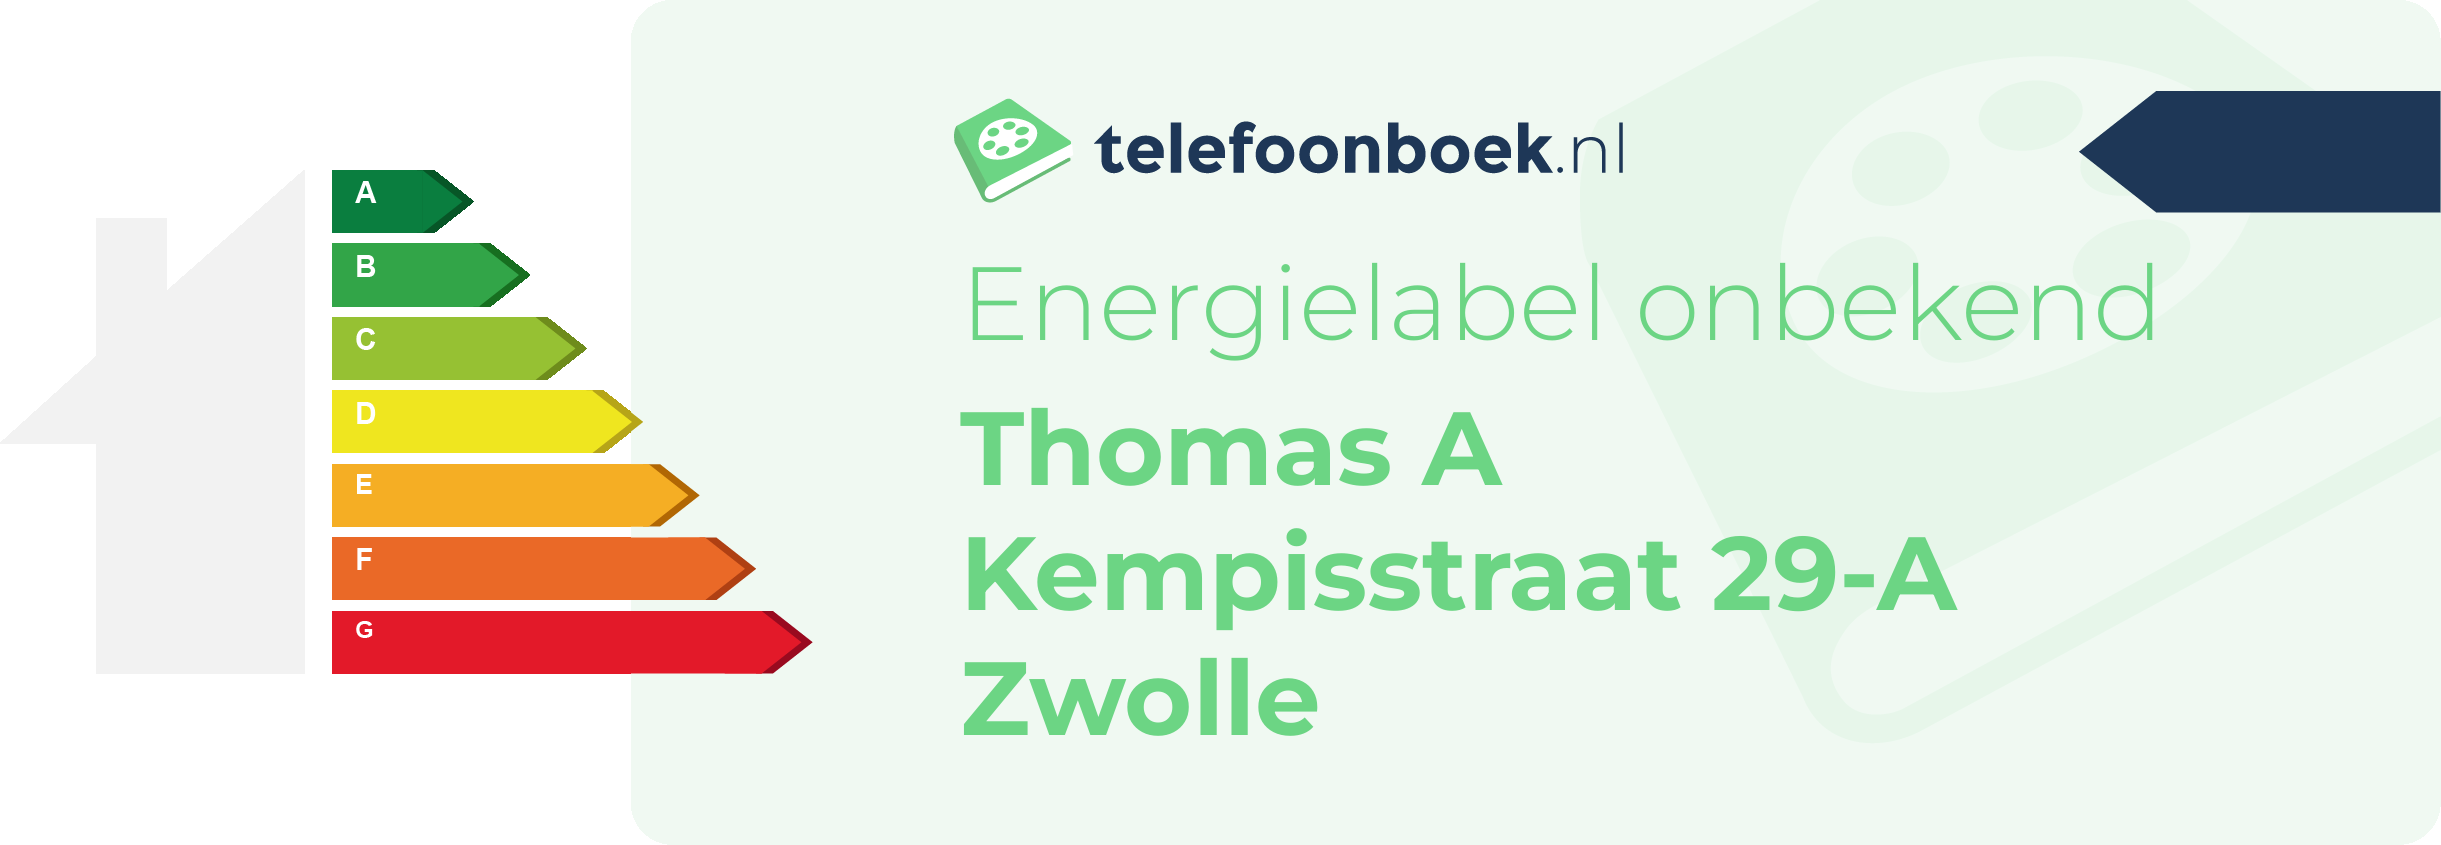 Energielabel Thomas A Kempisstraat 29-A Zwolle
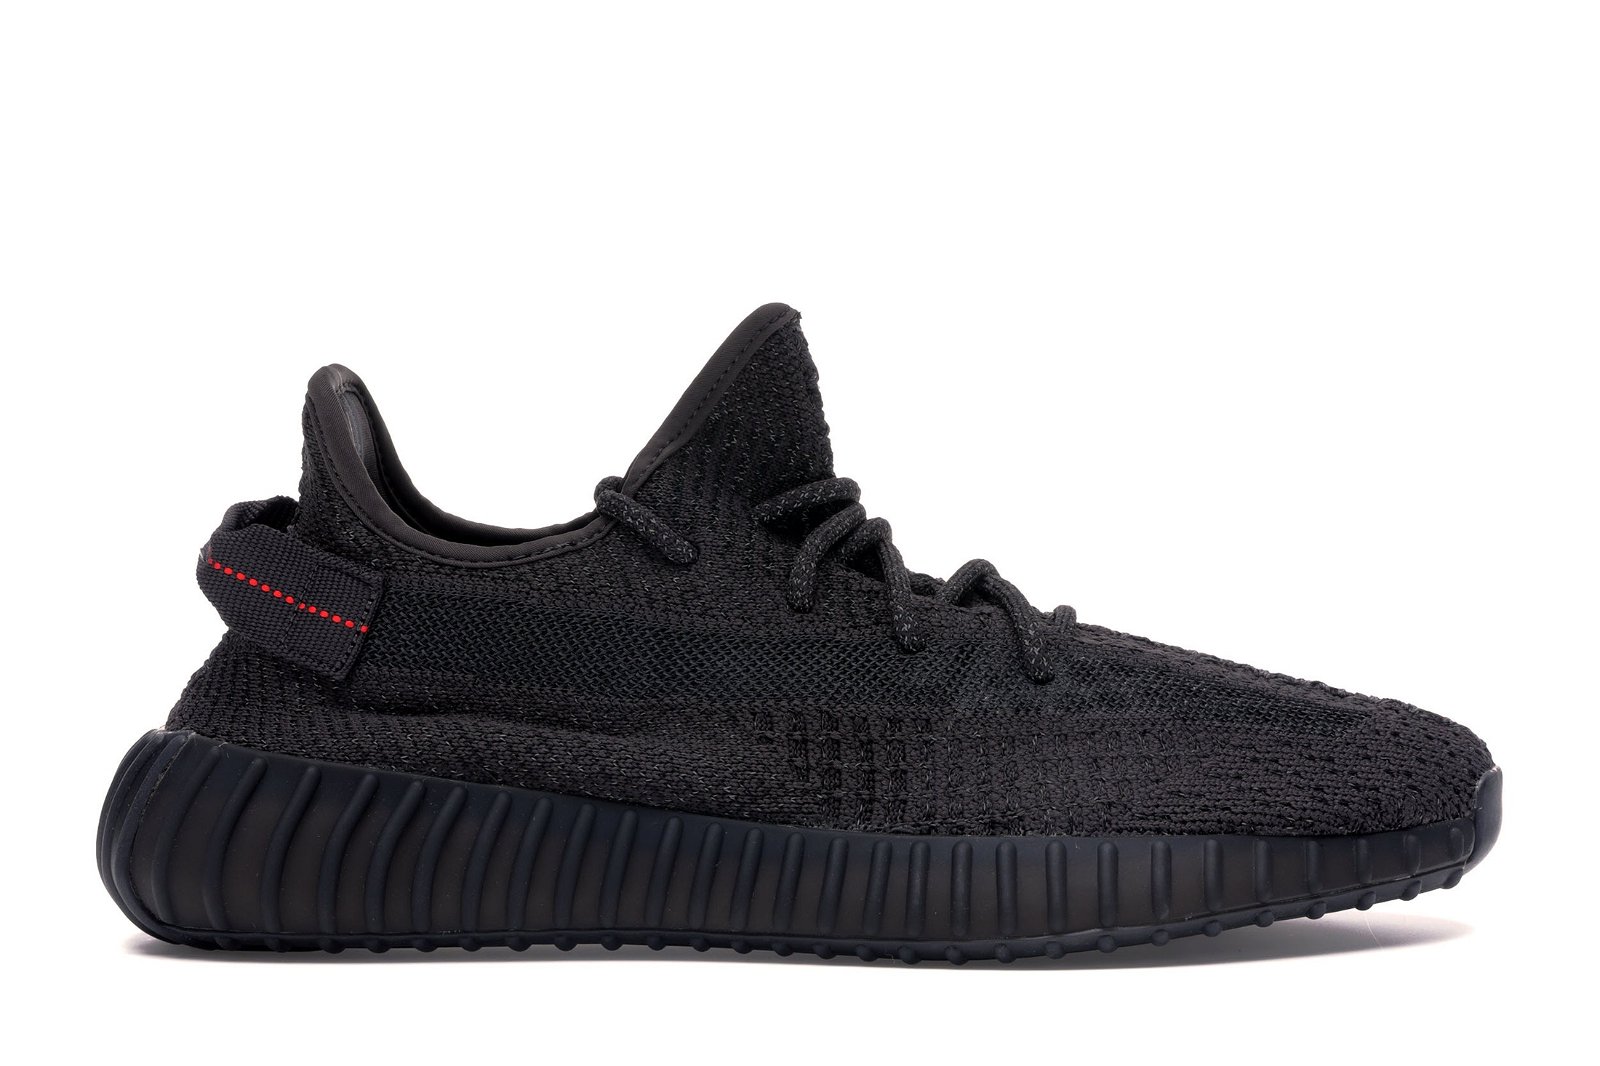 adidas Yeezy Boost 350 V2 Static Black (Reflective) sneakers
==
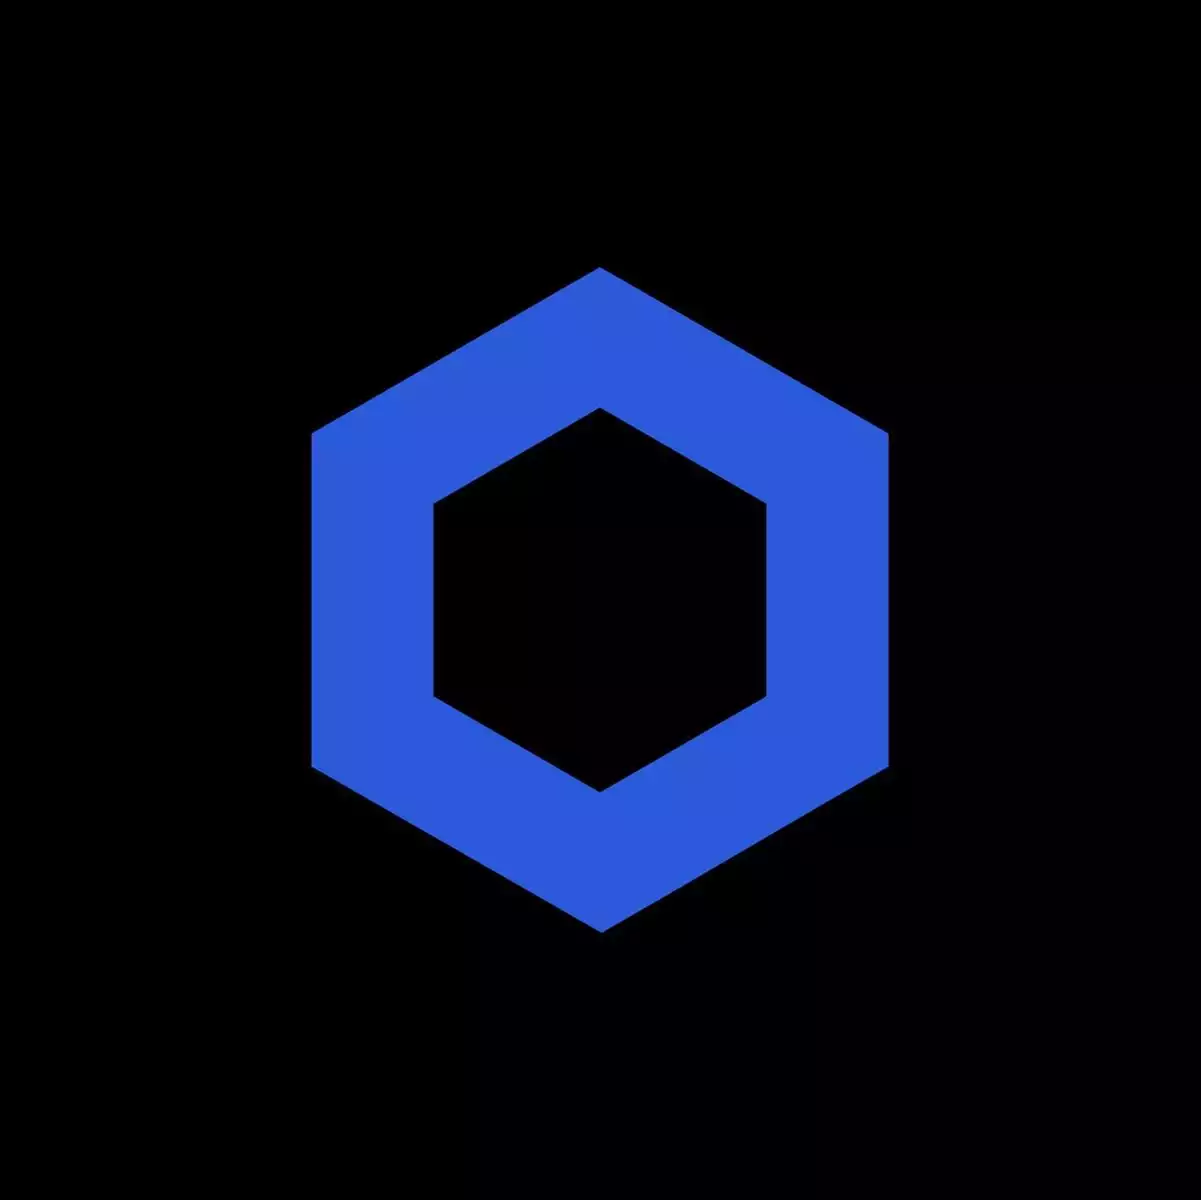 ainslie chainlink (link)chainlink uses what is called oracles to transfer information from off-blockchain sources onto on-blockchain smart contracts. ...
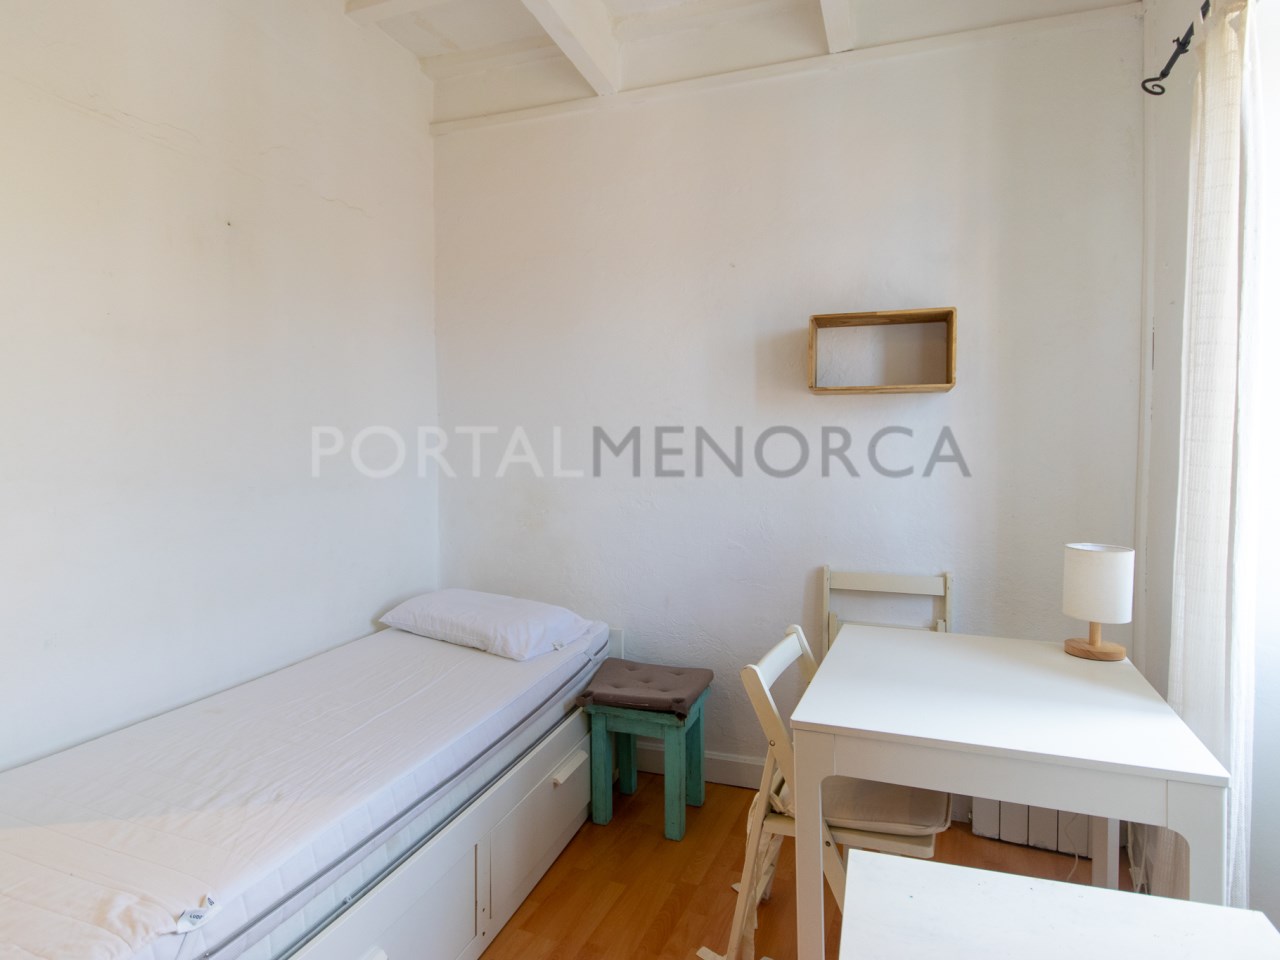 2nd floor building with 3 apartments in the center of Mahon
--
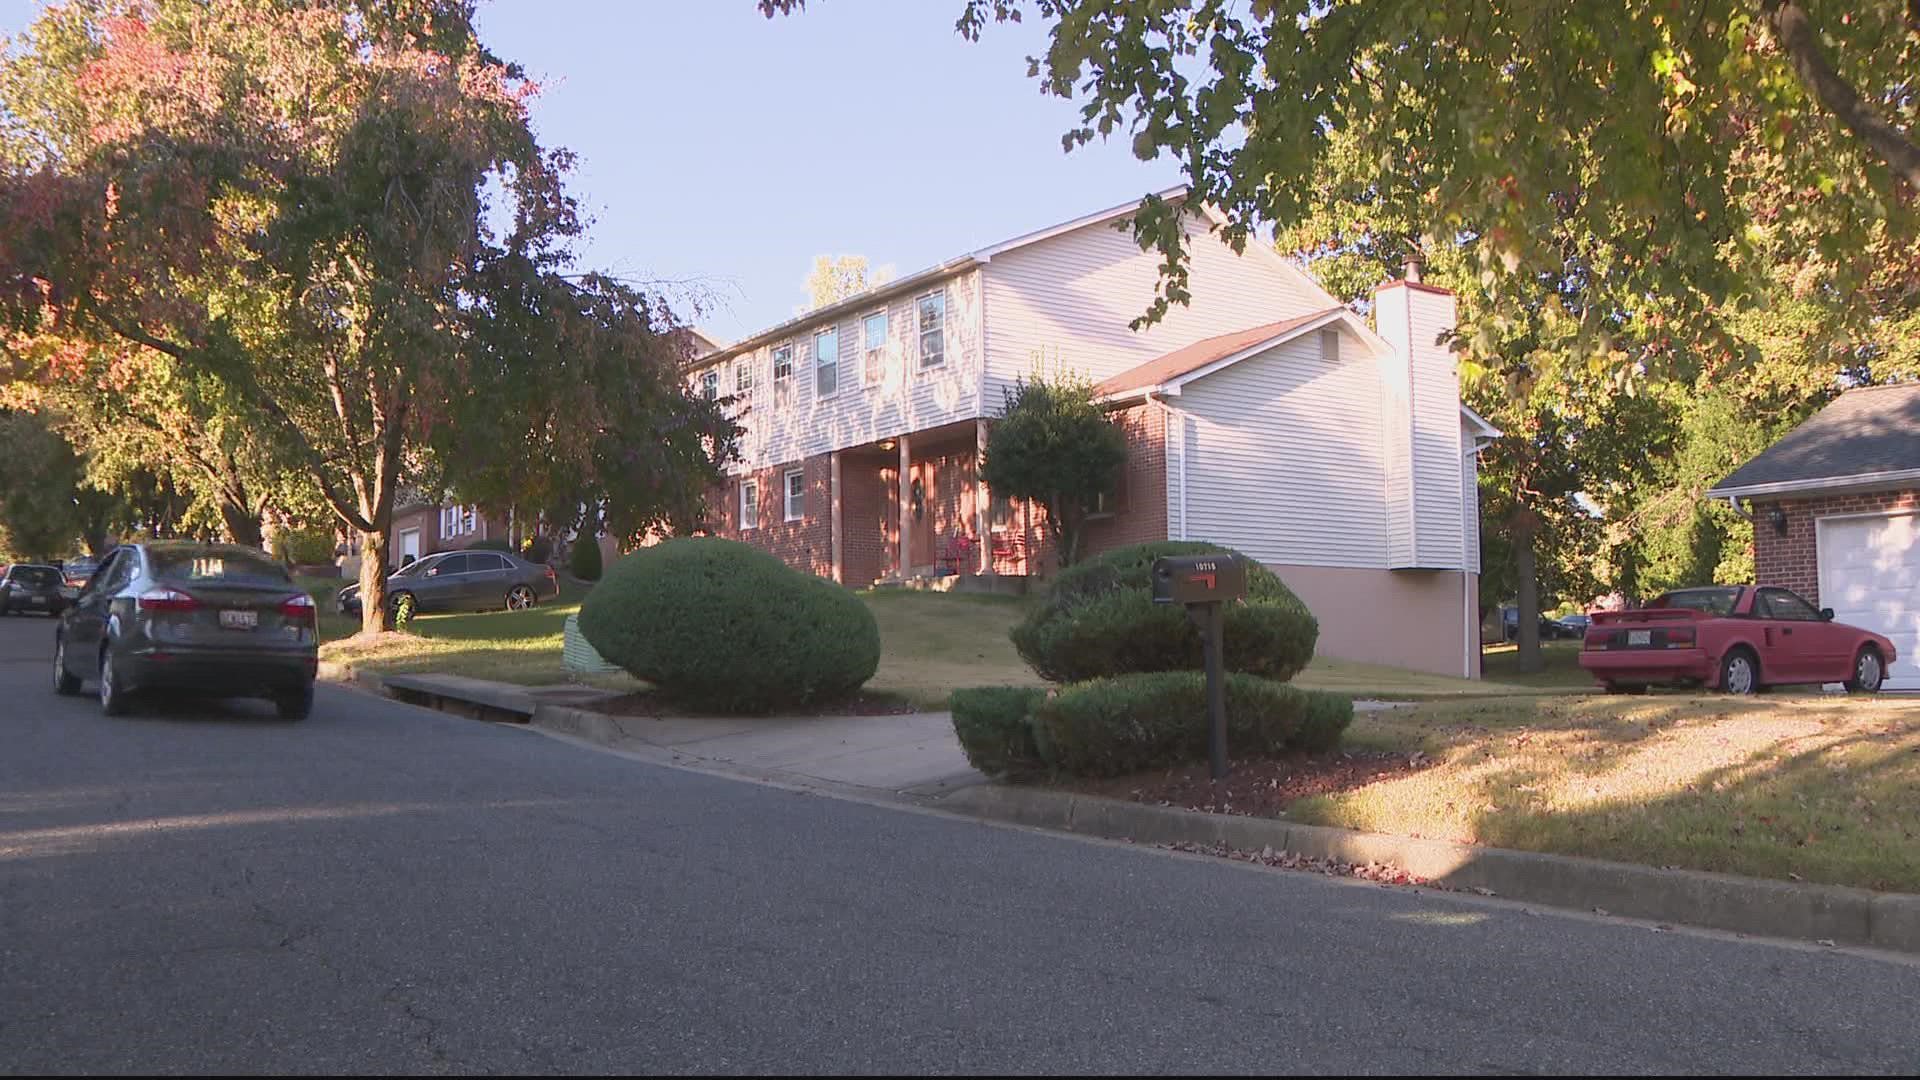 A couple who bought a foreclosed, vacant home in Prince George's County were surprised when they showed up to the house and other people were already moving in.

EXERCISE BRIEF
Although pictures appear among the entries, please set down only the lines from the one with "Energielabel Thomas A" up to and including the one with "adidas Yeezy Boost", word for word.

WRITTEN REPLY
 Energielabel Thomas A Kempisstraat 29-A Zwolle
 adidas Yeezy Boost 350 V2 Static Black (Reflective) sneakers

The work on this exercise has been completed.